В доме собиралась исключительно мужская молодежная компания (дам сестры приглашать не любили), человек 15, не более, самых разных профессий. Это были все выходцы из военных, дворянских и буржуазных семей, активно не любивших советскую власть. Алкоголиков среди них не было, пили только хорошее вино и умеренно, но кушали основательно — жарили гусей, уток, индеек, кур. Я сам там, мальчишкой, с удовольствием ел гусей с яблоками и уток с черносливом. Готовили сами сестры, им помогала Оля и моя мать. Подавали птицу на огромных серебряных подносах. Ужинали при свечах, которые отражались в мутных, очень высоких, ампирных зеркалах между окнами. На святки устраивали костюмированные журфиксы. Особняк пролетарии не громили, и в чуланах, и в коридорах стояли огромные кованые сундуки, пахнущие нафталином. В них были шитые золотом нарышкинские придворные и военные мундиры, а также мундиры наполеоновской армии. Якобы в доме жил наполеоновский генерал, их бросивший. В этих мундирах семья устраивала журфиксы еще до революции. Отец и мать говорили, что в тридцатые годы бывало иногда и весело. Но, скорее всего, их веселила их тогдашняя молодость и влюбленность. За окнами была сталинская Москва и молодежи хотелось забыться. Мужчины ждали войны и хотели любой ценой при любых обстоятельствах поквитаться с большевиками за все, что они сделали с Россией и с ними. С надеждой смотрели на Муссолини и Гитлера, как на людей, поднявших на большевиков палку. Сейчас принято только охаивать фашистов, в основном, за евреев, но все забыли, что из двух зол выбирают меньшее, а меньшим злом тогда были фашисты. И Италия, и Германия и сейчас процветают, а Россия погибла от красных экспериментов. Если бы не Третий Рейх, то красный Кремль перемолол бы Европу как Россию и устроил бы Соловки и Катынь в каждой европейской стране. Именно Гитлер ненадолго сплотил Европу и нанес Сталину ряд весьма ощутимых ударов.

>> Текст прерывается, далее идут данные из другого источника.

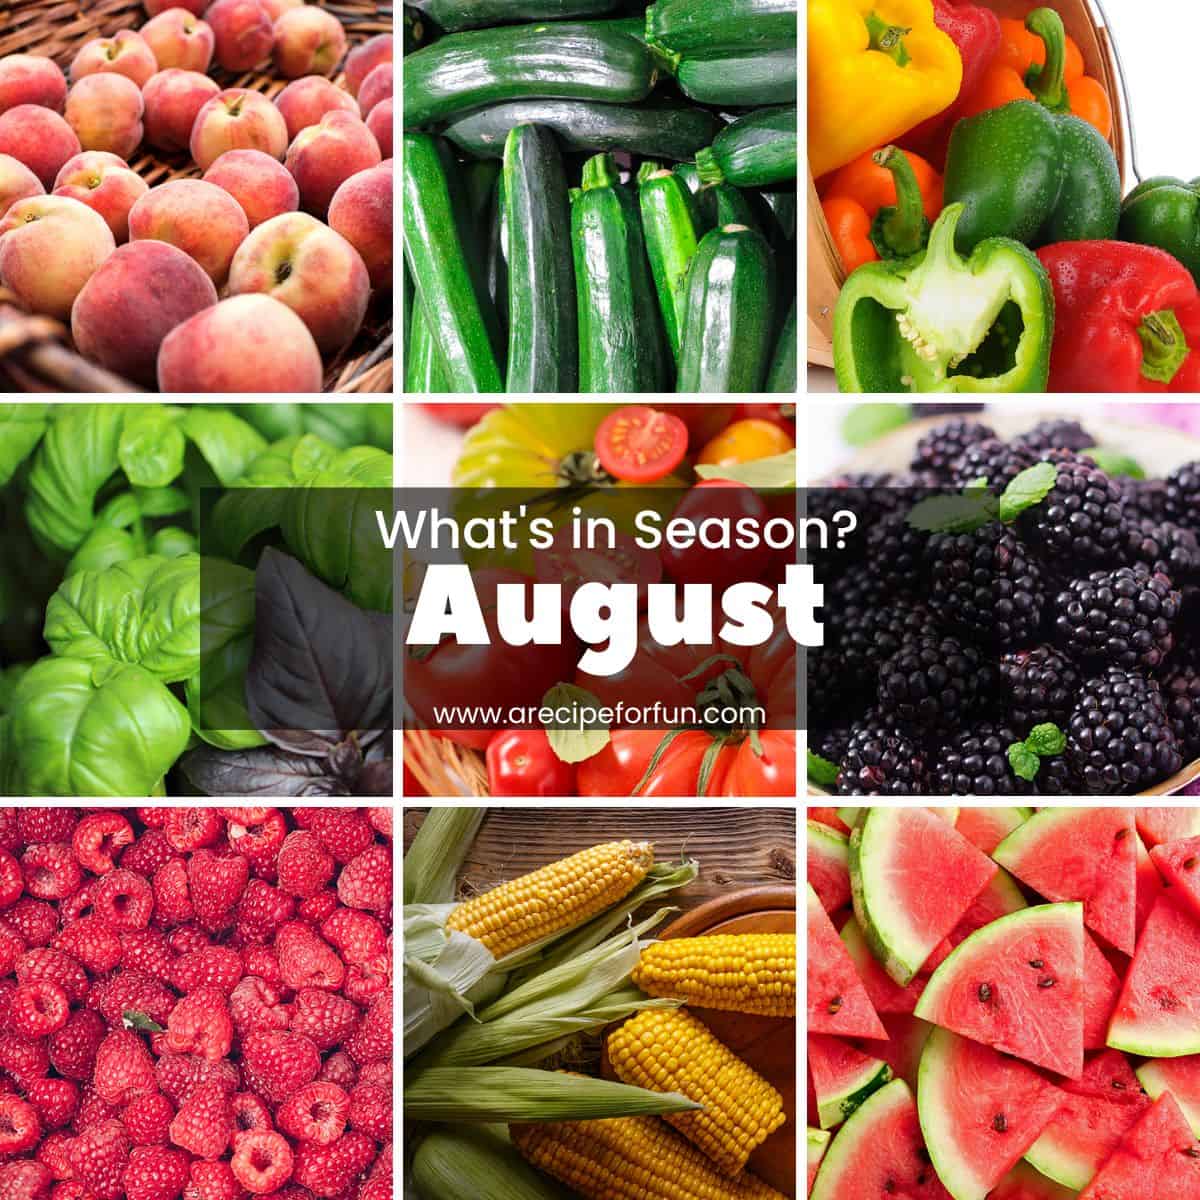 Photo grid of seasonal produce in August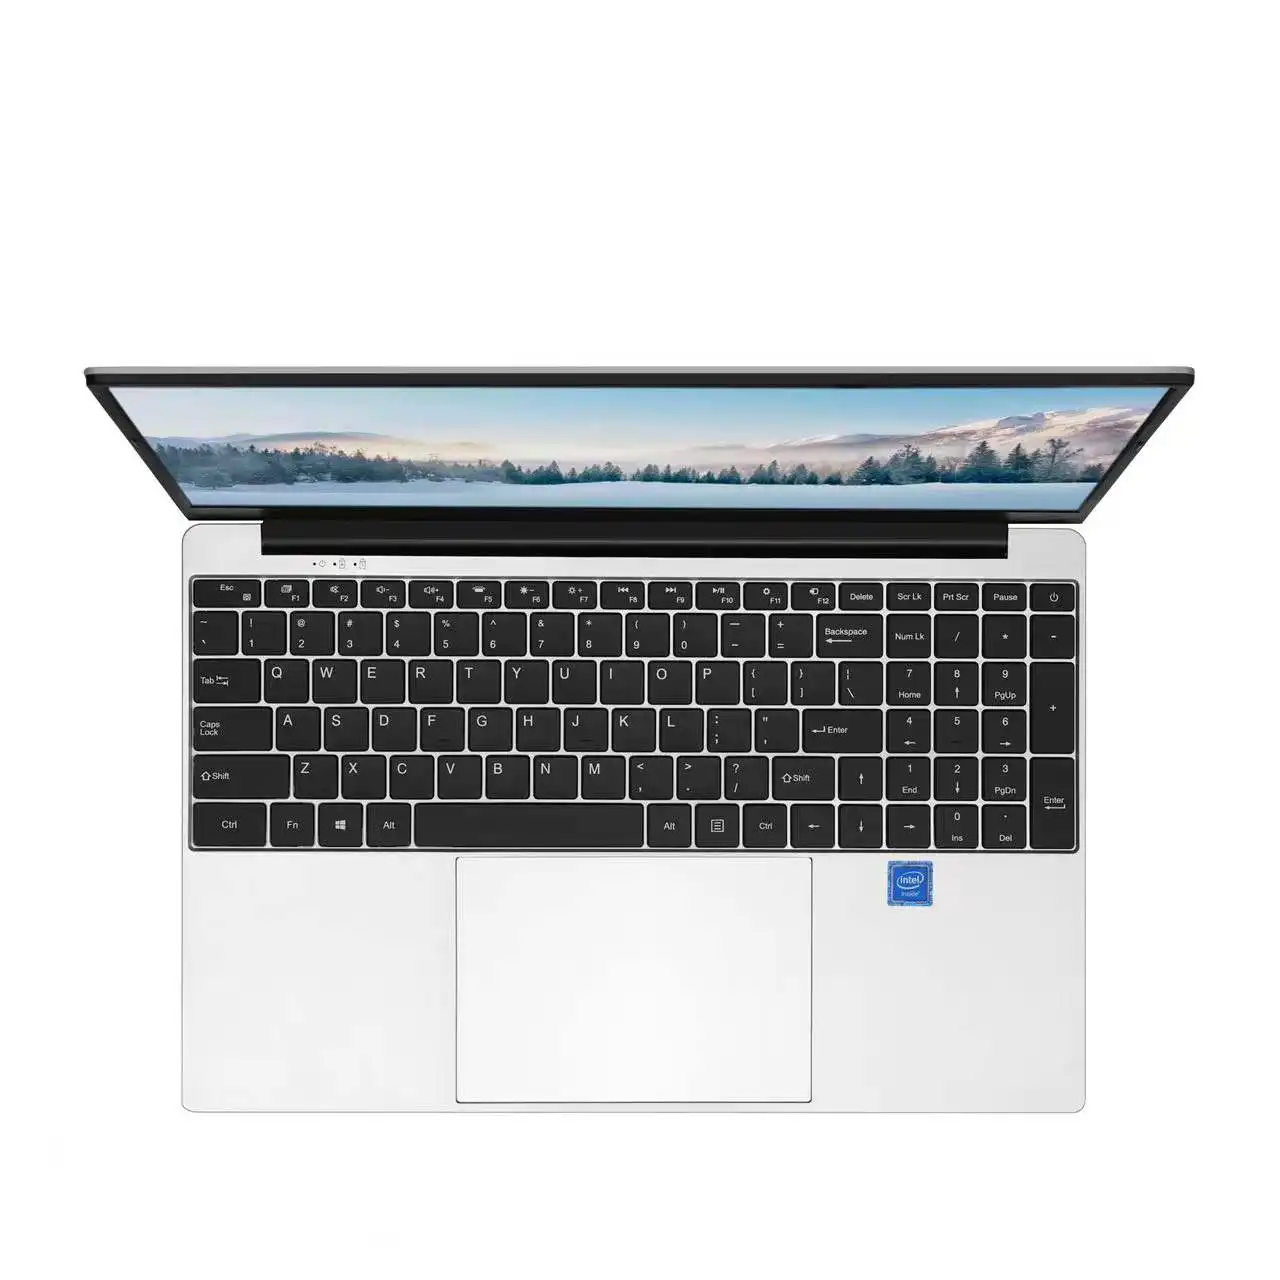 Fábrica fornecer diretamente netbook 15.6 polegadas, j4125 quad core ddr4 8gb ssd 256gb novo laptop win10 computador

Оля ввела мою мать к сестрам, и к ней они отнеслись положительно — одичавшая и затравленная дочь генерала и атамана, лично знавшего двух последних Императоров. Была и другая причина - моя мать была небольшая женщина, а сестры высокие и с фигурами манекенщиц. Женщины всегда женщины и любят оттенять себя на контрастах. Мать стала помогать сестрам готовить ужины, а это была большая по объему работа для такой многолюдной, прожорливой дружины. Она стала своим человеком у них. Кто она была тогда? Беженка и лишенка. Роскошную абрамовскую квартиру на Поварской захватила семья родственников деда, Филимоновых, работавших на красных. Один дядя был Войсковым Кубанским атаманом у Деникина, а другой, дядя Володя, царский генерал, служил у красных, их бабка пустила временно. Красные Филимоновы не отдали бабке даже ее шубу, когда она вернулась, побежав в Чека с воплями «Буржуи вернулись!». Бабушка до смерти их звала «Филимошки проклятые». Одно время мать ловило ОГПУ — хотели ее выслать. Сестры ее спрятали, но не у Оли в дворницкой, а в своих комнатах, и она почти год отсиживалась там, не выходя. Приходили и к тете Наде на Мещанскую, но она сказала чекистам: «Люба уехала на Дон, к родне».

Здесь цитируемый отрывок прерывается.